= ACTIVITY =
Your output should be the lines below from the one holding "Редкое мелирование на" through the one holding "1920x1080 wallpaper |", transcribed exactly, with no pictures.

= DATA IN THIS EXERCISE =
+---+

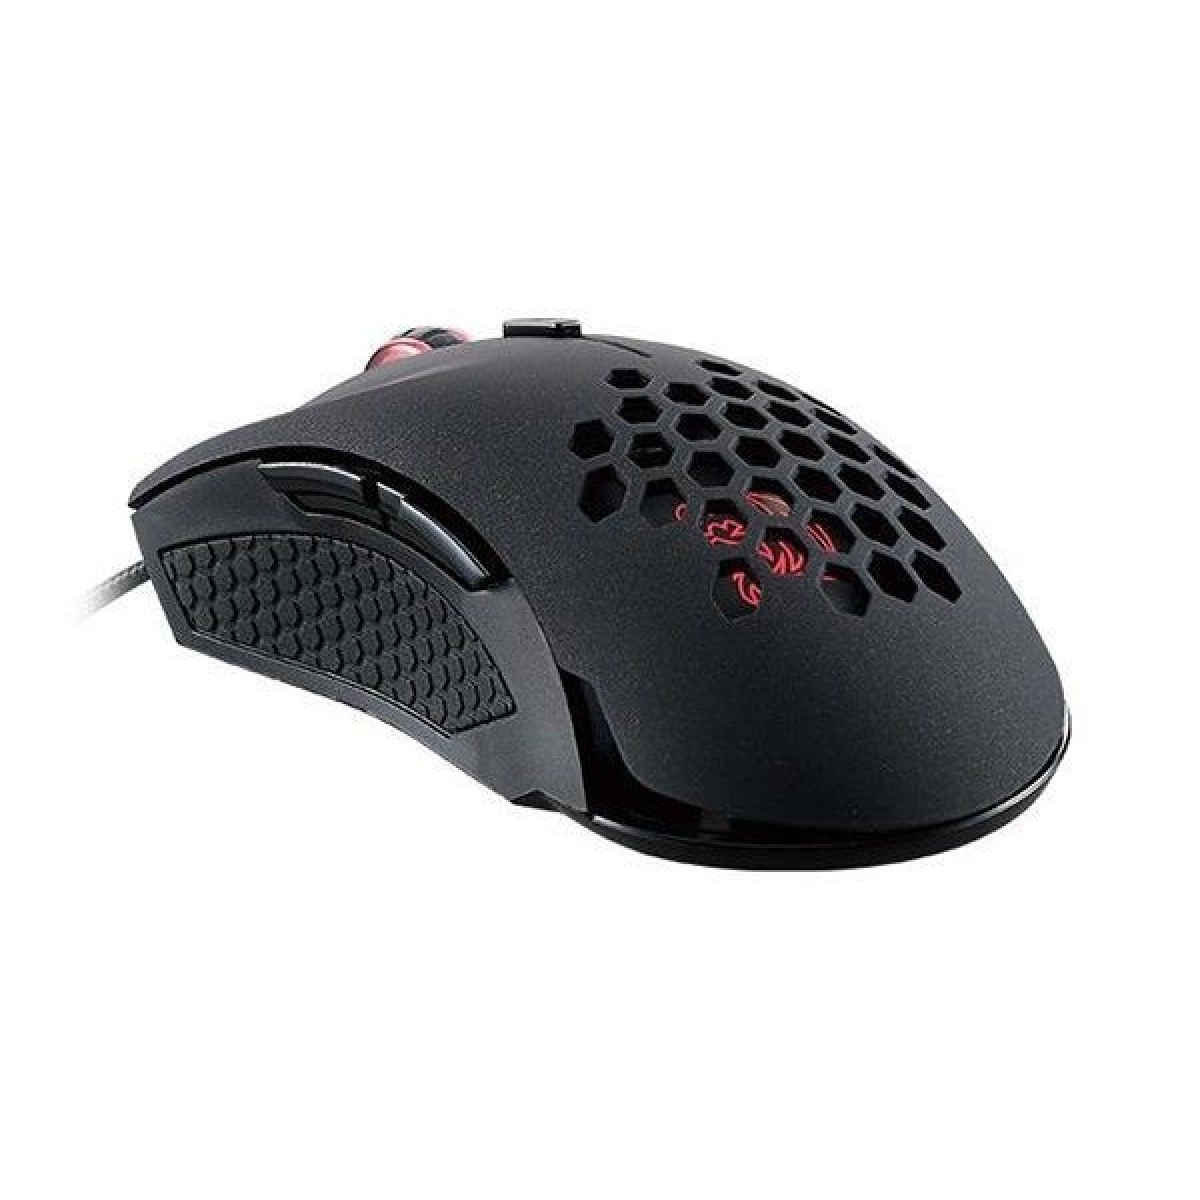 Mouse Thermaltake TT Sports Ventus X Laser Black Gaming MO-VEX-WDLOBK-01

+---+

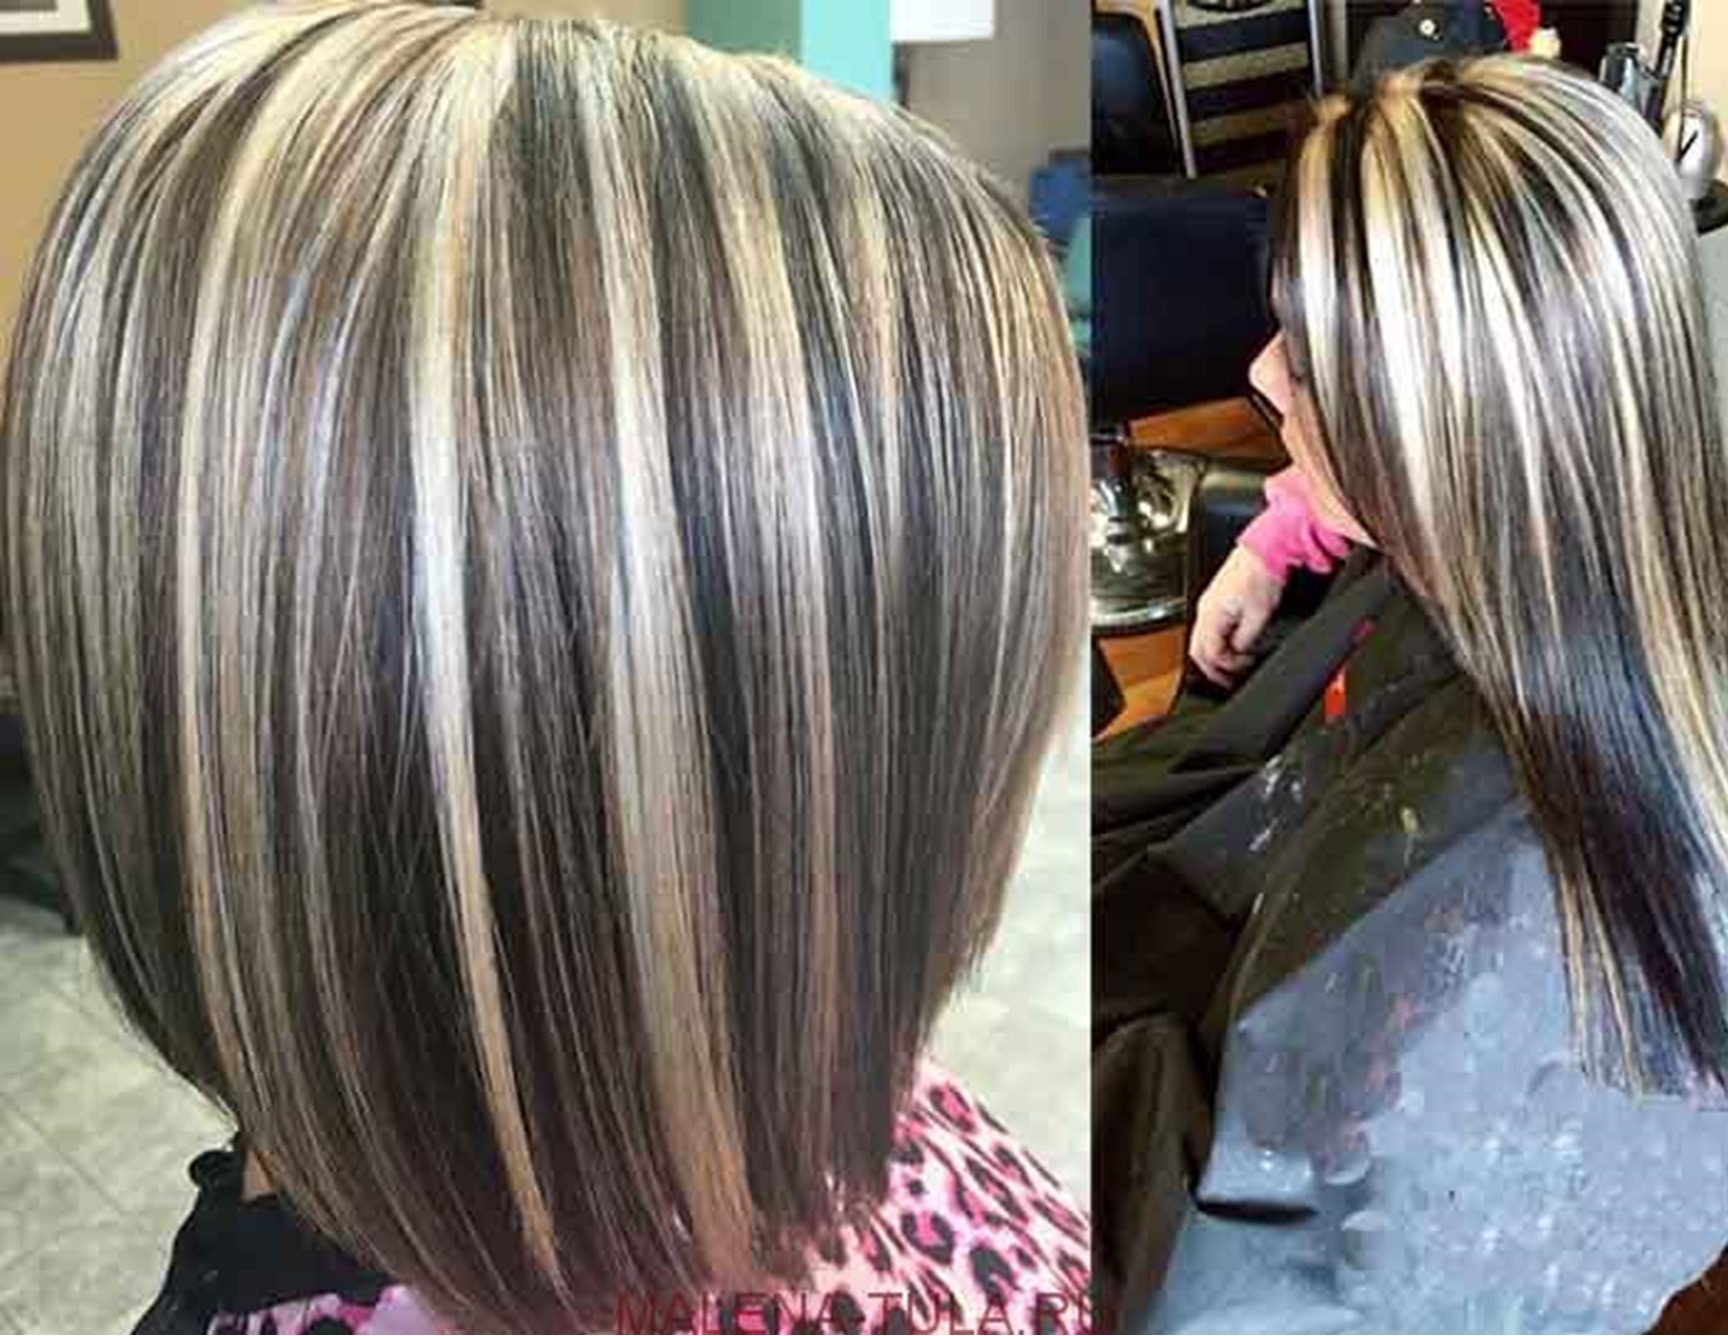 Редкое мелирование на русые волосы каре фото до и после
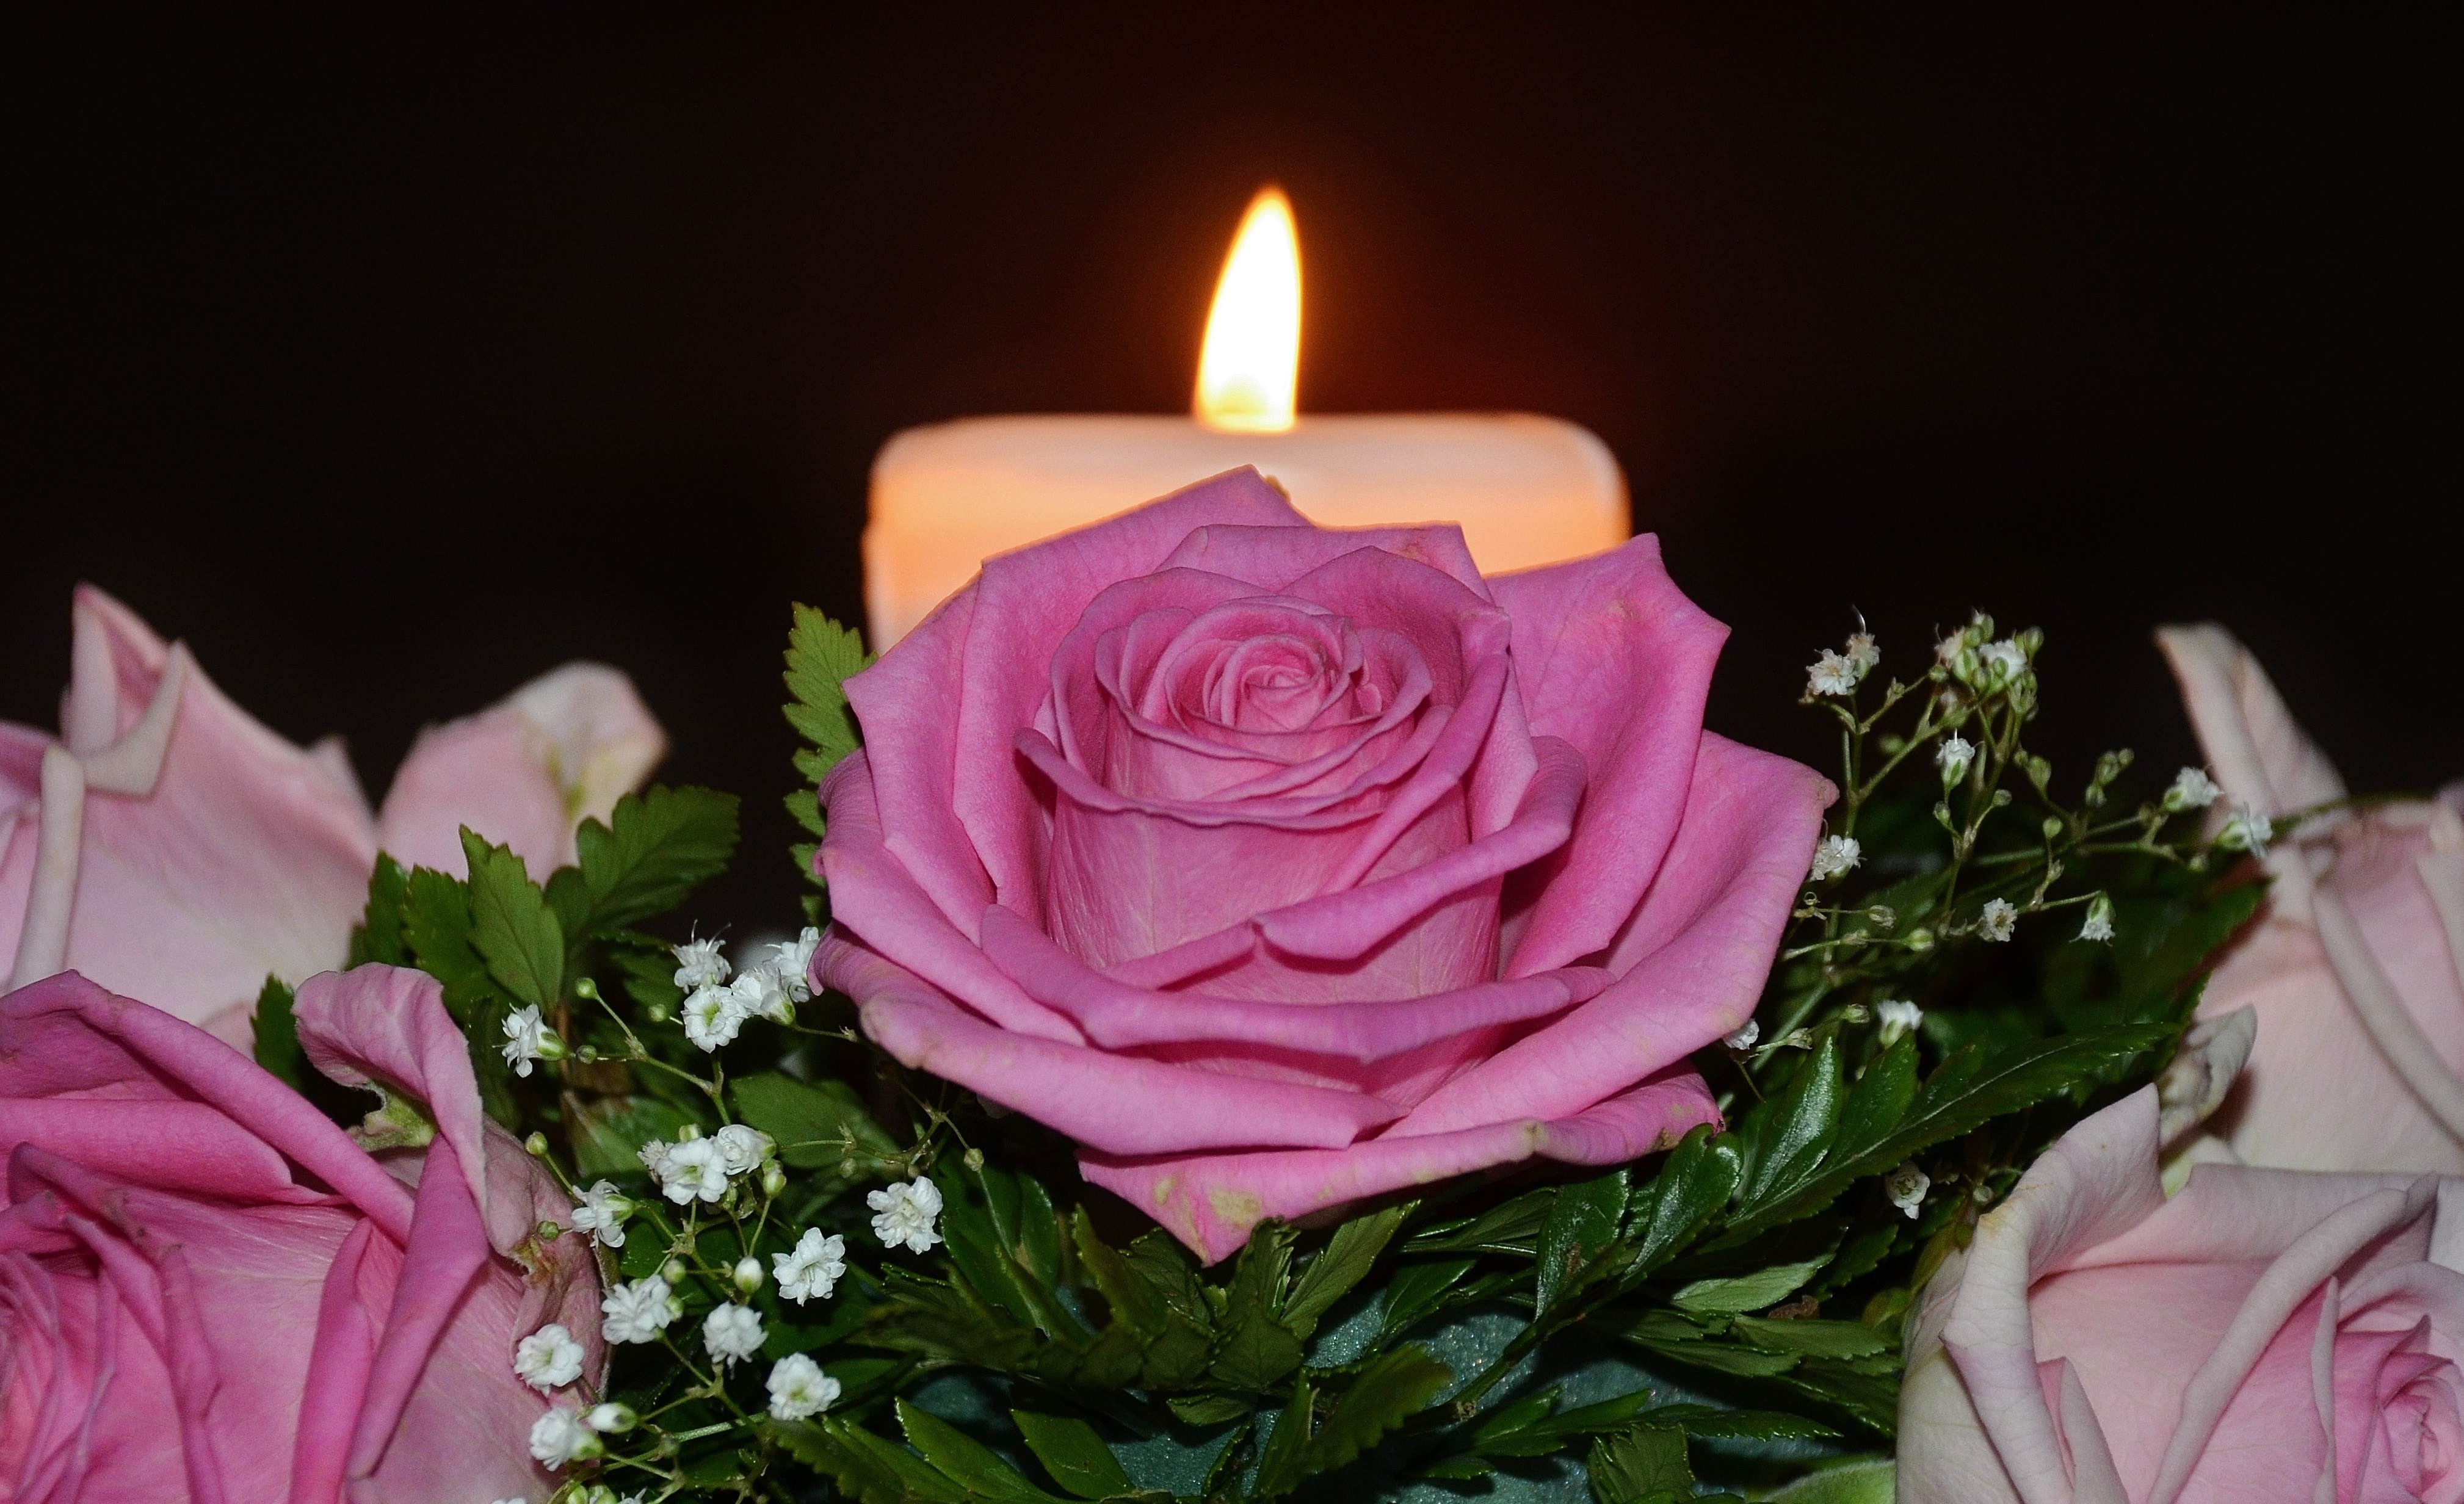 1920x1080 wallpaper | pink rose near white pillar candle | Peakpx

+---+

= EXPECTED ANSWER =
 Редкое мелирование на русые волосы каре фото до и после
 1920x1080 wallpaper | pink rose near white pillar candle | Peakpx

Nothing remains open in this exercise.